• [WHAT TO DO] Copy the listing below exactly. Pictures stay out of it.

• [SOURCE DATA]
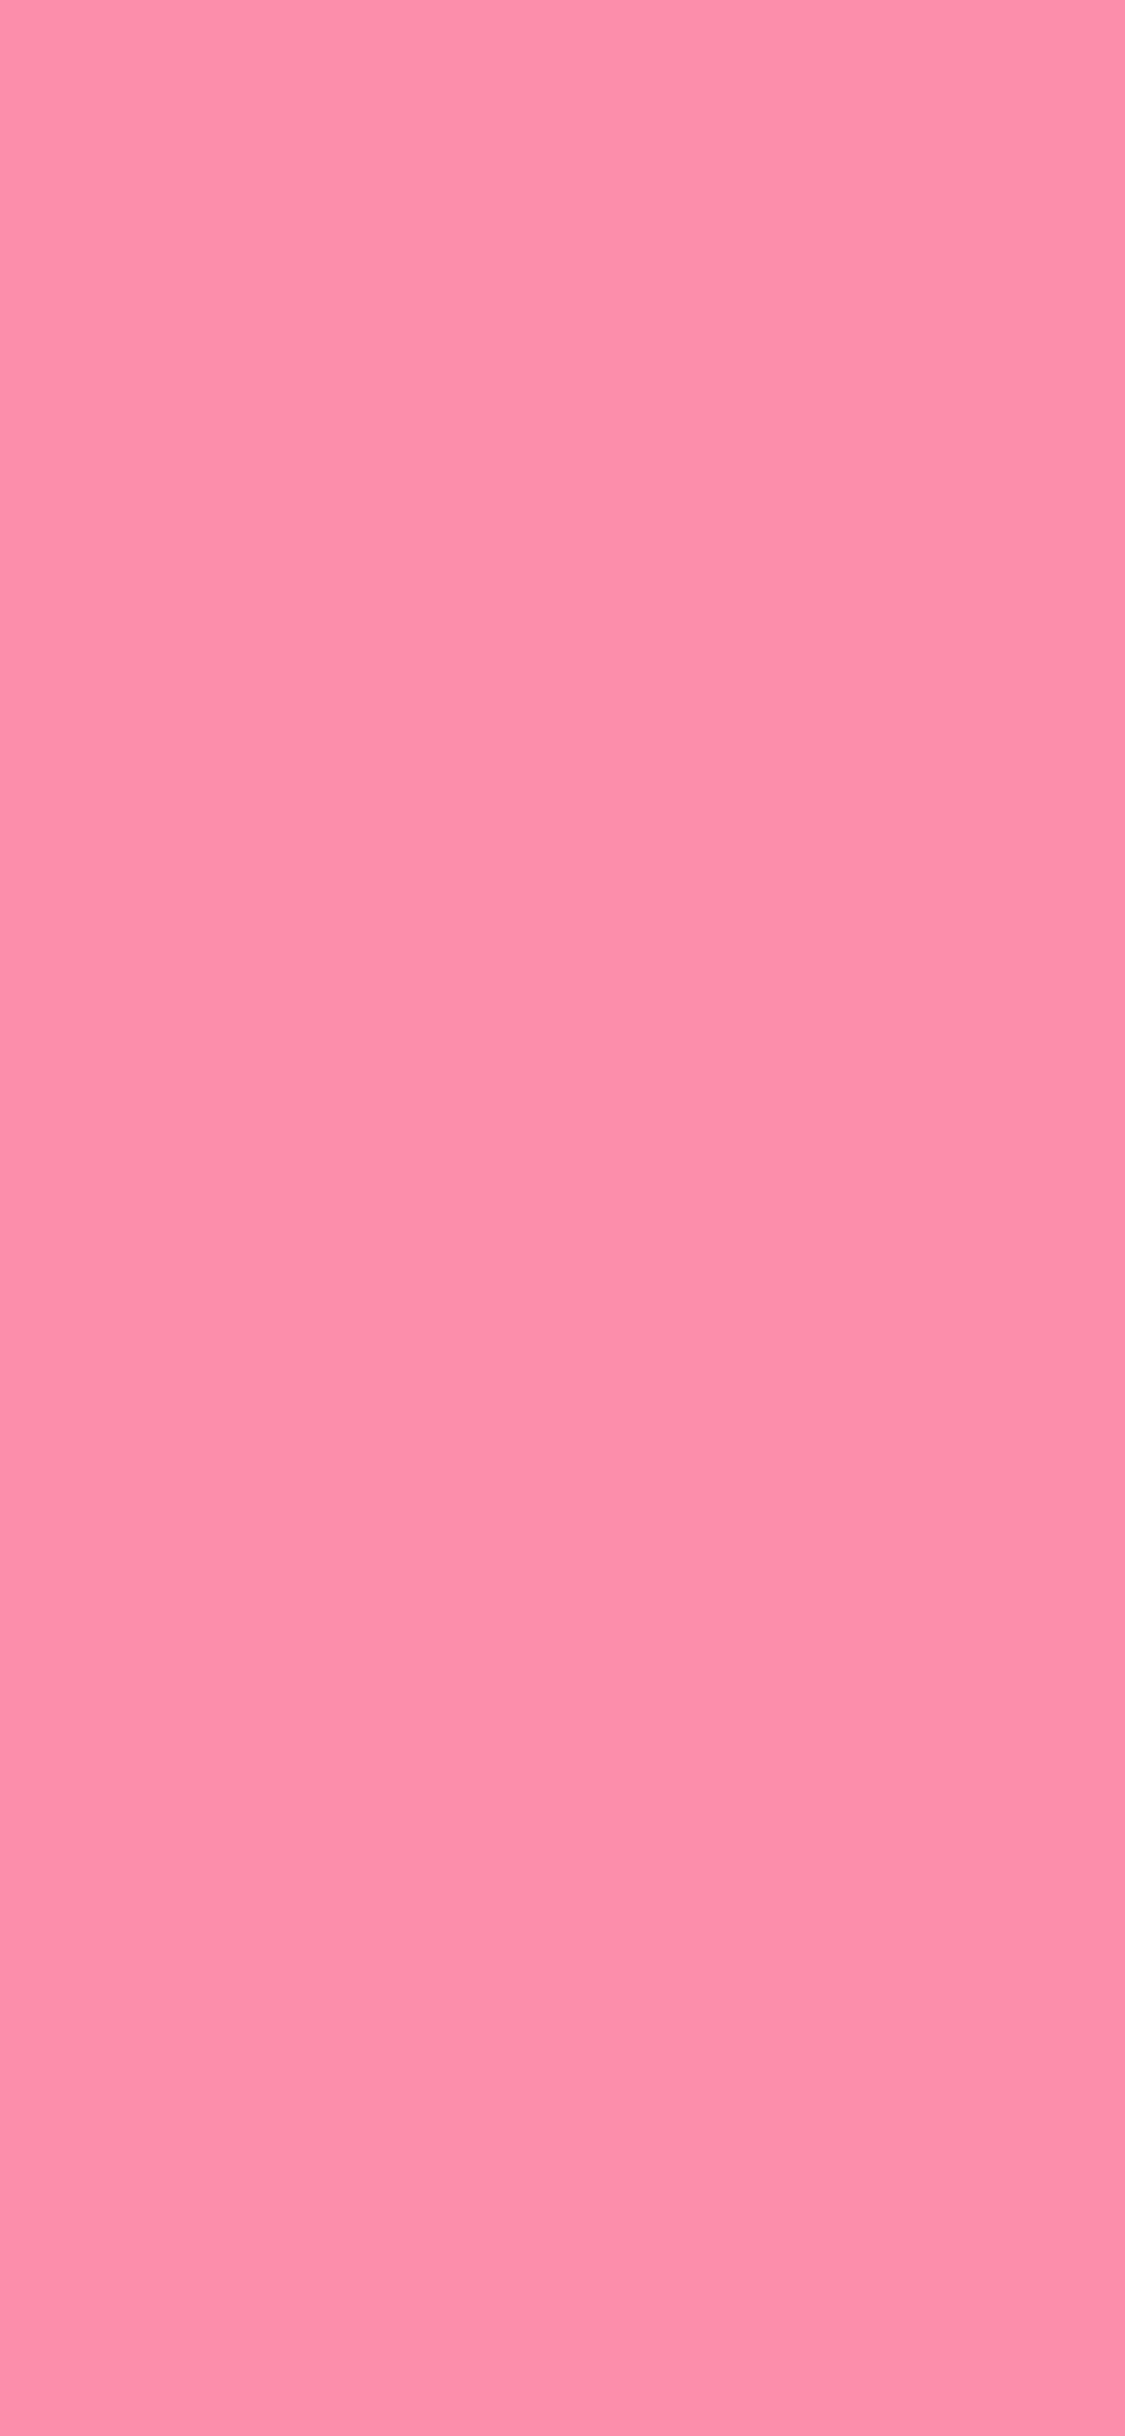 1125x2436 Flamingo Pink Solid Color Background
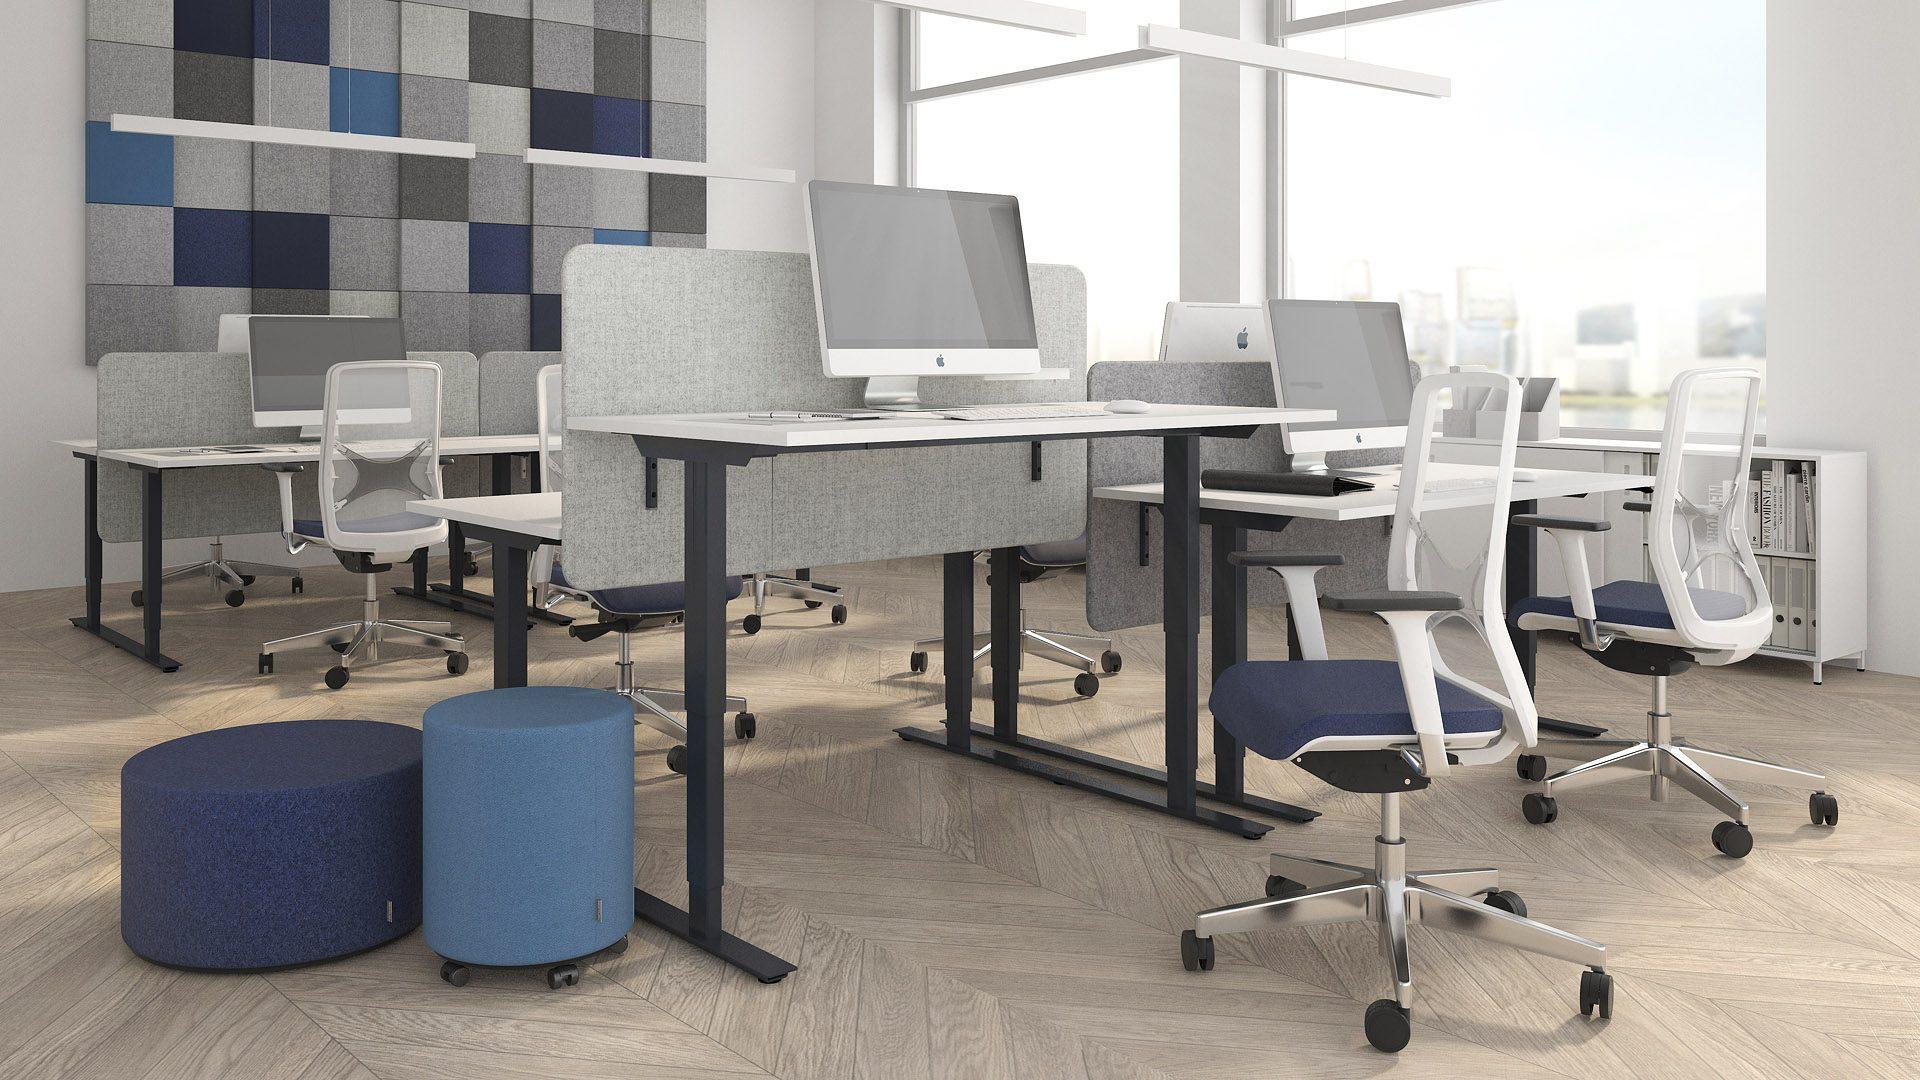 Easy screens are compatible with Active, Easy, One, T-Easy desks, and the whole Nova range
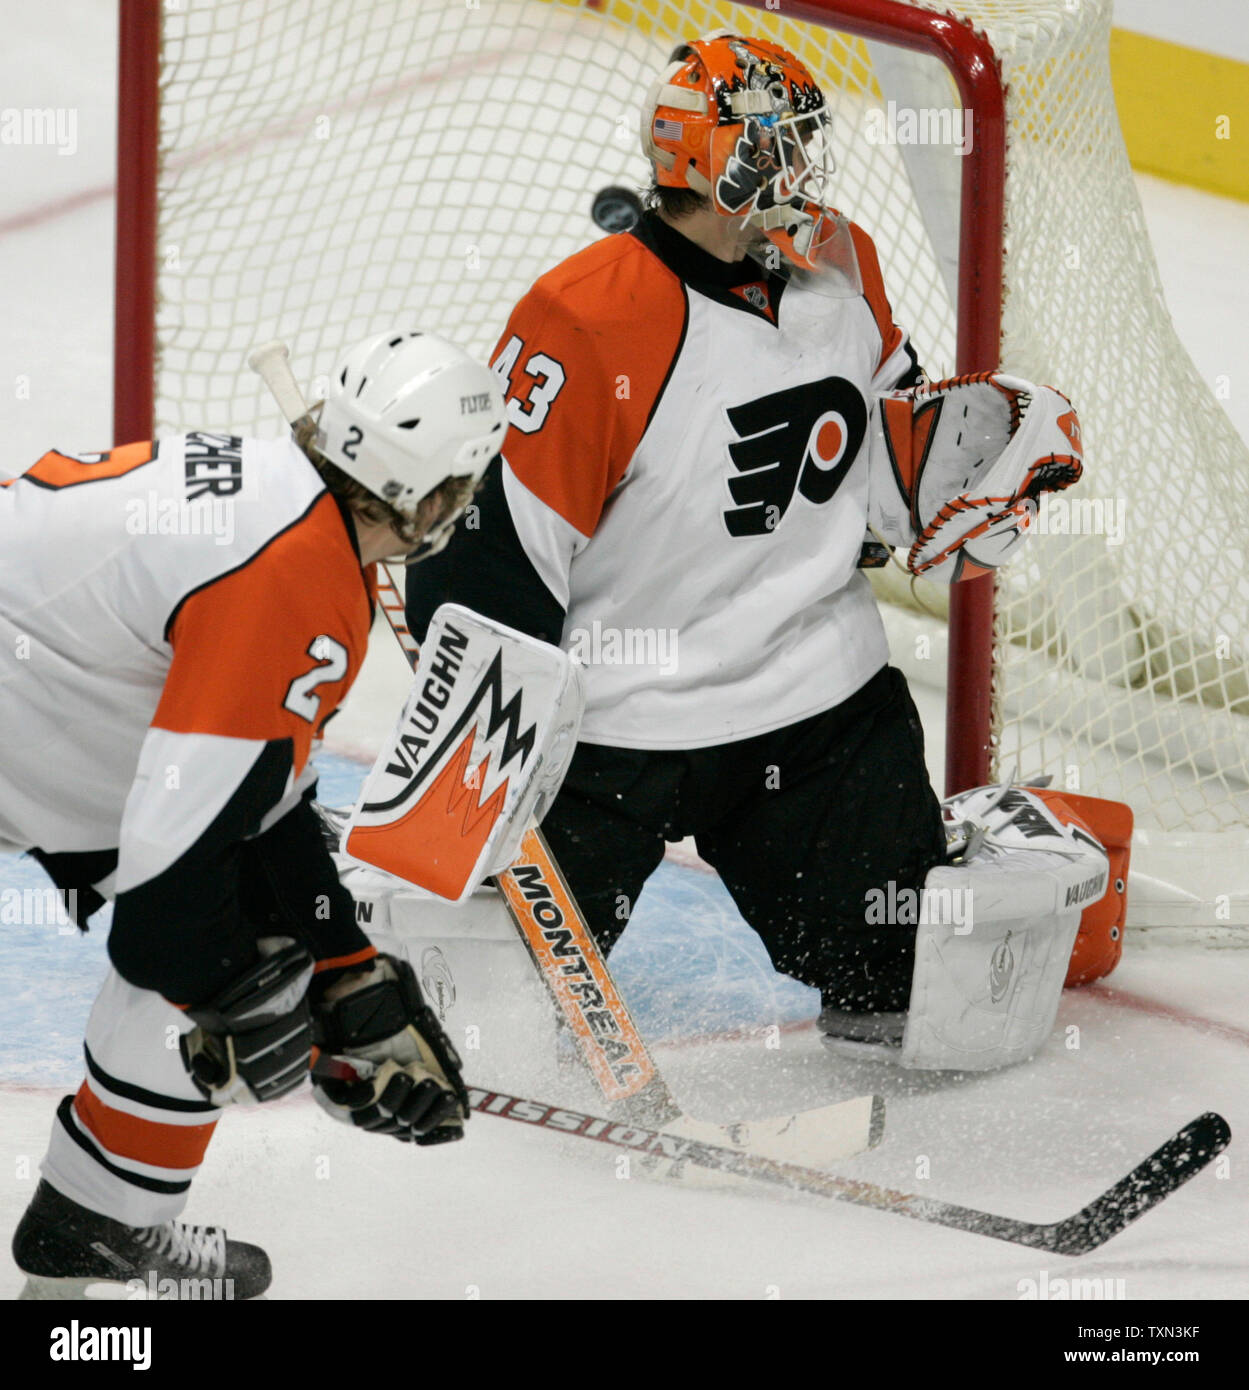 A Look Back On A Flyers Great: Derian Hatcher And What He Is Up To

• [ANSWER FOR THE TASK]
 1125x2436 Flamingo Pink Solid Color Background
 Easy screens are compatible with Active, Easy, One, T-Easy desks, and the whole Nova range
 A Look Back On A Flyers Great: Derian Hatcher And What He Is Up To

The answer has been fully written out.